In the entries below, find the line with "Merendando en la" and the line with "ことだま屋本舗の皆様と現役声". Reproduce those two lines and every line between them exactly, and nothing more.

Data records
__________________________________________________
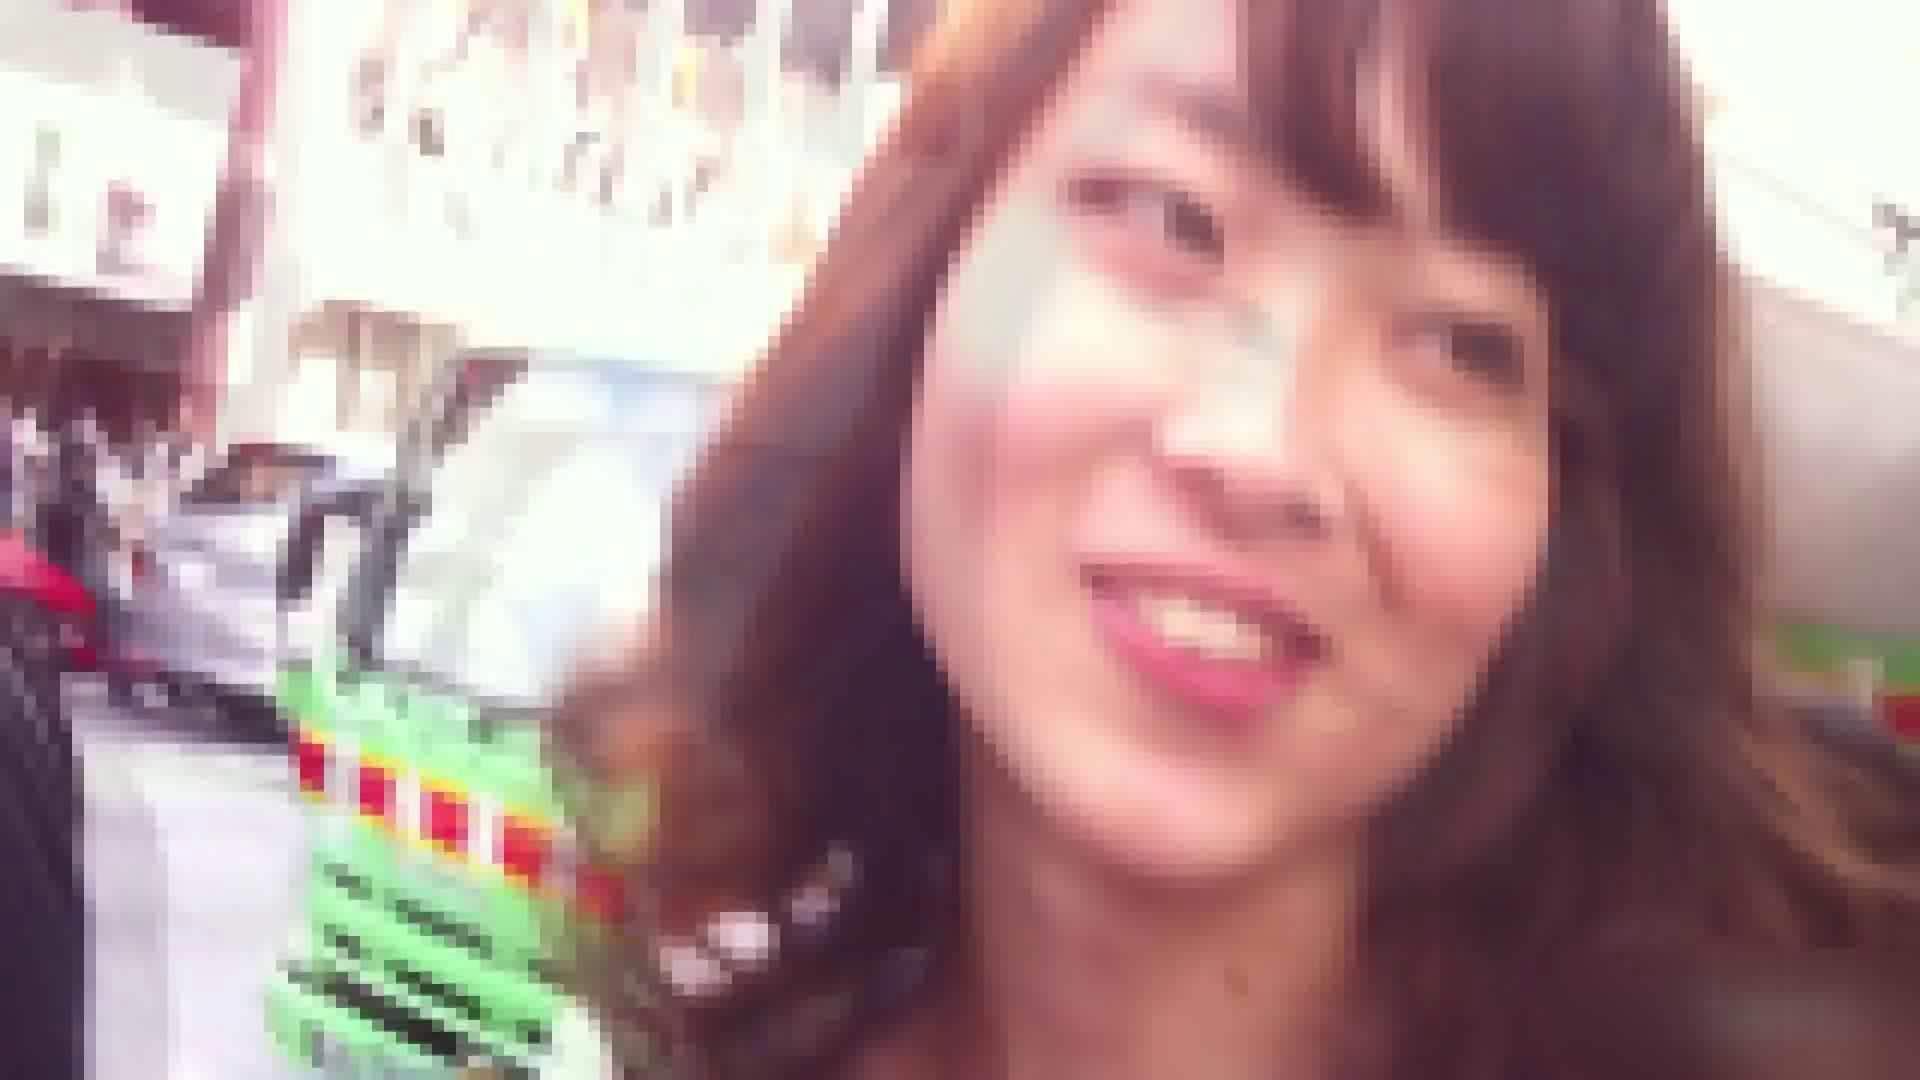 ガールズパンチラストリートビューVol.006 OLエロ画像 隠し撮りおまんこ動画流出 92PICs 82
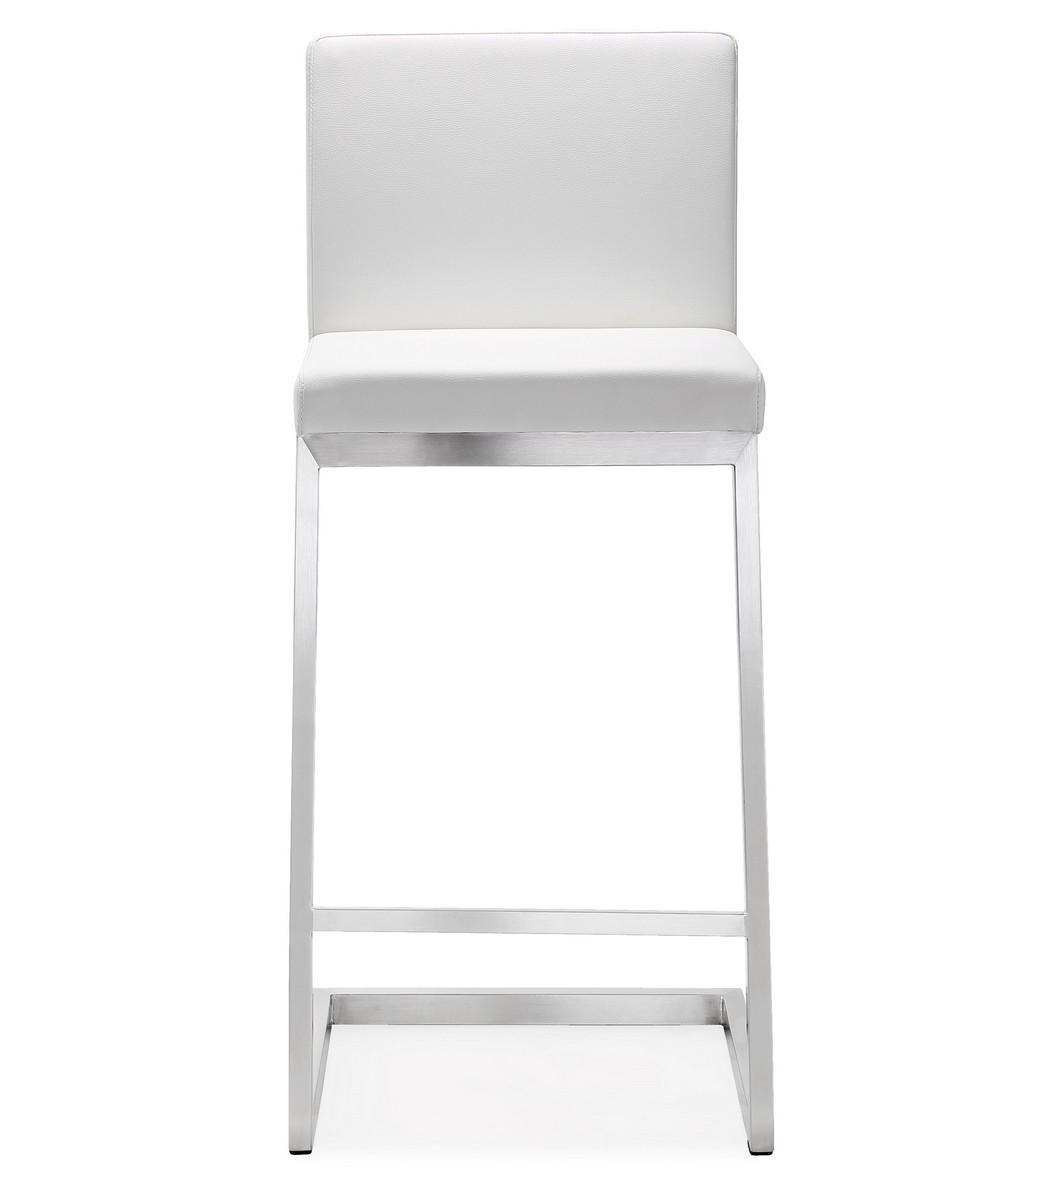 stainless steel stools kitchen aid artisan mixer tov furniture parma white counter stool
__________________________________________________
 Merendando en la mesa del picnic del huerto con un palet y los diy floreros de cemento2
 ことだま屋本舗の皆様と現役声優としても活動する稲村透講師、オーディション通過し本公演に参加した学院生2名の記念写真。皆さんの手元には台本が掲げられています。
__________________________________________________
Solution
 Merendando en la mesa del picnic del huerto con un palet y los diy floreros de cemento2
 ことだま屋本舗の皆様と現役声優としても活動する稲村透講師、オーディション通過し本公演に参加した学院生2名の記念写真。皆さんの手元には台本が掲げられています。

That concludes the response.